The Hidden Labor Problem Inside the Humanoid Robot Boom
Billions in funding are quietly paying humans to drive robots by remote control. One researcher argues that is not a stepping stone to machine intelligence, it is a trap.

Key points
- Humanoid robotics companies raised billions of dollars over the past 18 months, much of it funding large-scale human teleoperation programs.
- Teleoperation datasets, where humans record themselves doing tasks to teach robots, are more than 100,000 times smaller than the datasets used to train today's language models.
- Workers across China, India, Europe, and the US are being hired to film household tasks and operate robots remotely, forming a commercial data-supply industry.
- Nikita Rudin, co-founder and CEO of robotics startup Flexion, argues that reinforcement learning in simulation is the only approach that can break the dependency on human demonstration data.
- Flexion raised 50 million dollars in funding from DST Global and NVentures to build what Rudin calls a general-purpose "brain" for humanoid robots.
The pitch for humanoid robots has always been straightforward: humans won't be able to fill certain jobs in the future, so robots will step in. But a pointed opinion piece published by The Robot Report this week raises an uncomfortable question. What if the robots themselves need a permanent supply of human workers just to function?
The issue is teleoperation. This is where a human operator, often sitting far away, controls a robot through a remote device, the same way you might steer a toy car with a controller. Every movement gets recorded. Then the robot studies that footage and tries to copy it.
Teaching a robot this way sounds sensible. The problem, according to Nikita Rudin, who completed his PhD at ETH Zurich's Robotic Systems Lab and worked on robotic simulation tools at Nvidia, is that it scales terribly.
A shelf moves. A door handle is slightly different. A new box shape arrives on a factory floor. Each tiny change means someone has to film the task again from scratch. The real world never stops changing, and the human workforce generating demonstrations can never keep up.
The quality of that data is shaky too. Operators controlling a robot remotely can't feel what the robot is touching or judge distance accurately, so they move slowly and overcorrect. The robot then learns from footage of someone struggling with a controller, and struggling is exactly what it practises.
Will more human operators actually solve this?
No, and that is the core of Rudin's argument. He draws a sharp comparison to the early days of large language models, the AI technology behind chatbots such as ChatGPT. Those early models were trained on enormous amounts of text and could loosely copy the style of Shakespeare, but couldn't actually reason. The real leap came through reinforcement learning, a training method where software learns by trying, failing, adjusting, and trying again across millions of attempts, with no human telling it what to do at each step.

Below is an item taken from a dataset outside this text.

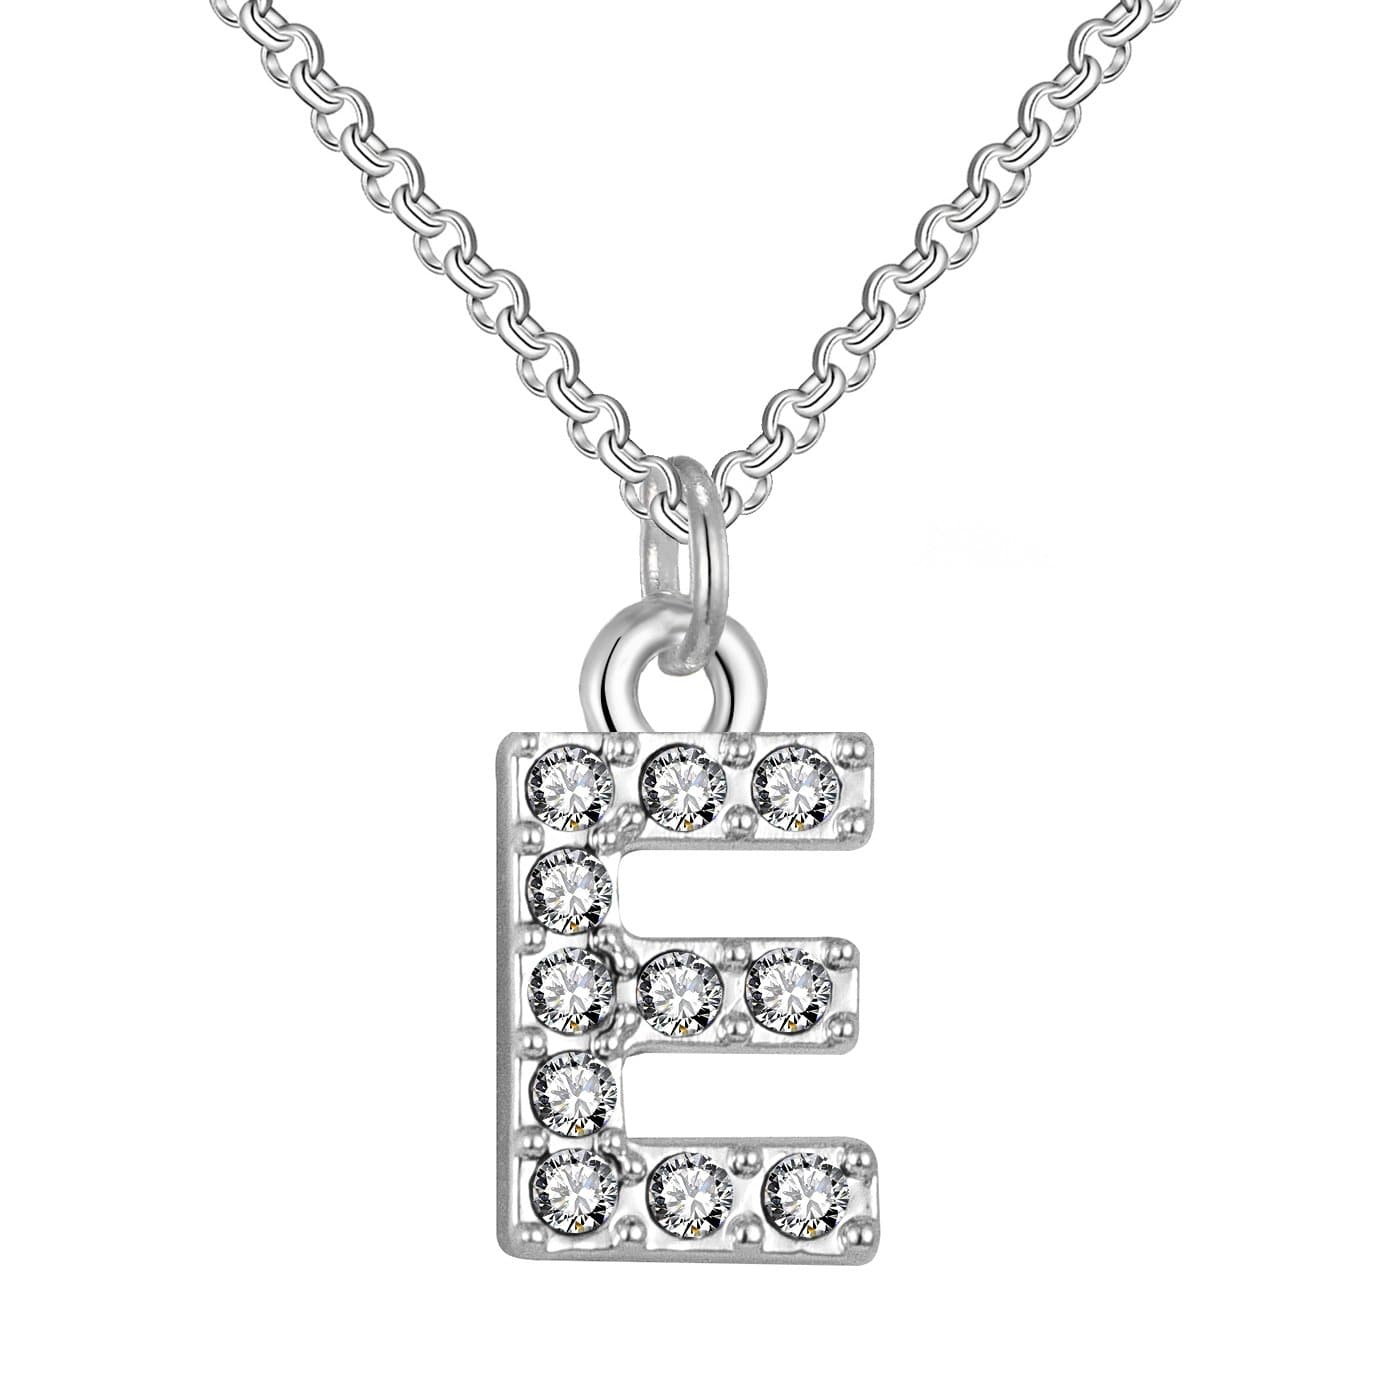 Pave Initial Necklace Letter E Created with Zircondia® Crystals by Philip Jones Jewellery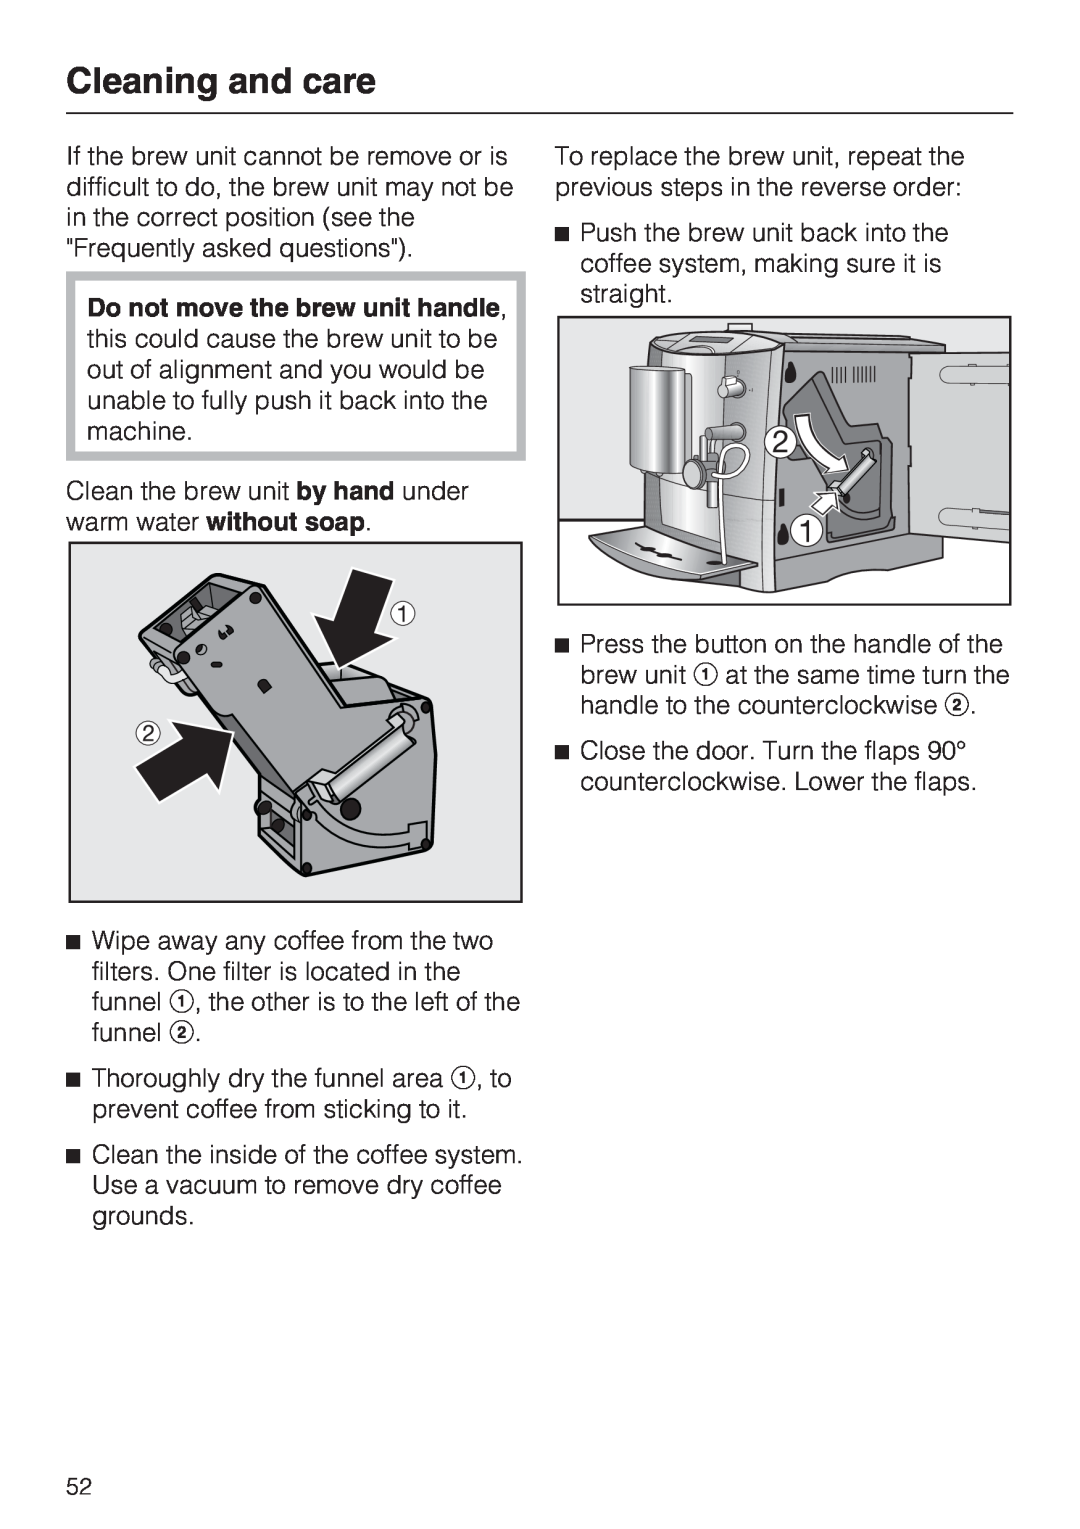 Miele CM 5000 operating instructions Cleaning and care, Do not move the brew unit handle

Rudin argues humanoid robotics is stuck at that earlier, imitation-only stage. More teleoperation data just means more imitation at massive cost.
The alternative he describes is reinforcement learning inside computer simulations. A robot's software can fail millions of times inside a virtual world, reset instantly, and try again, running in parallel across many computers at once. More computing power directly means faster progress. That is a very different equation from hiring more workers in lower-wage countries to film themselves doing laundry.
For the people doing that teleoperation work today, and for investors funding these companies, Rudin's challenge is direct: if robot autonomy is genuinely the goal, the data should show that human involvement is decreasing over time. If it isn't decreasing, teleoperation has stopped being a bridge and quietly become the permanent method.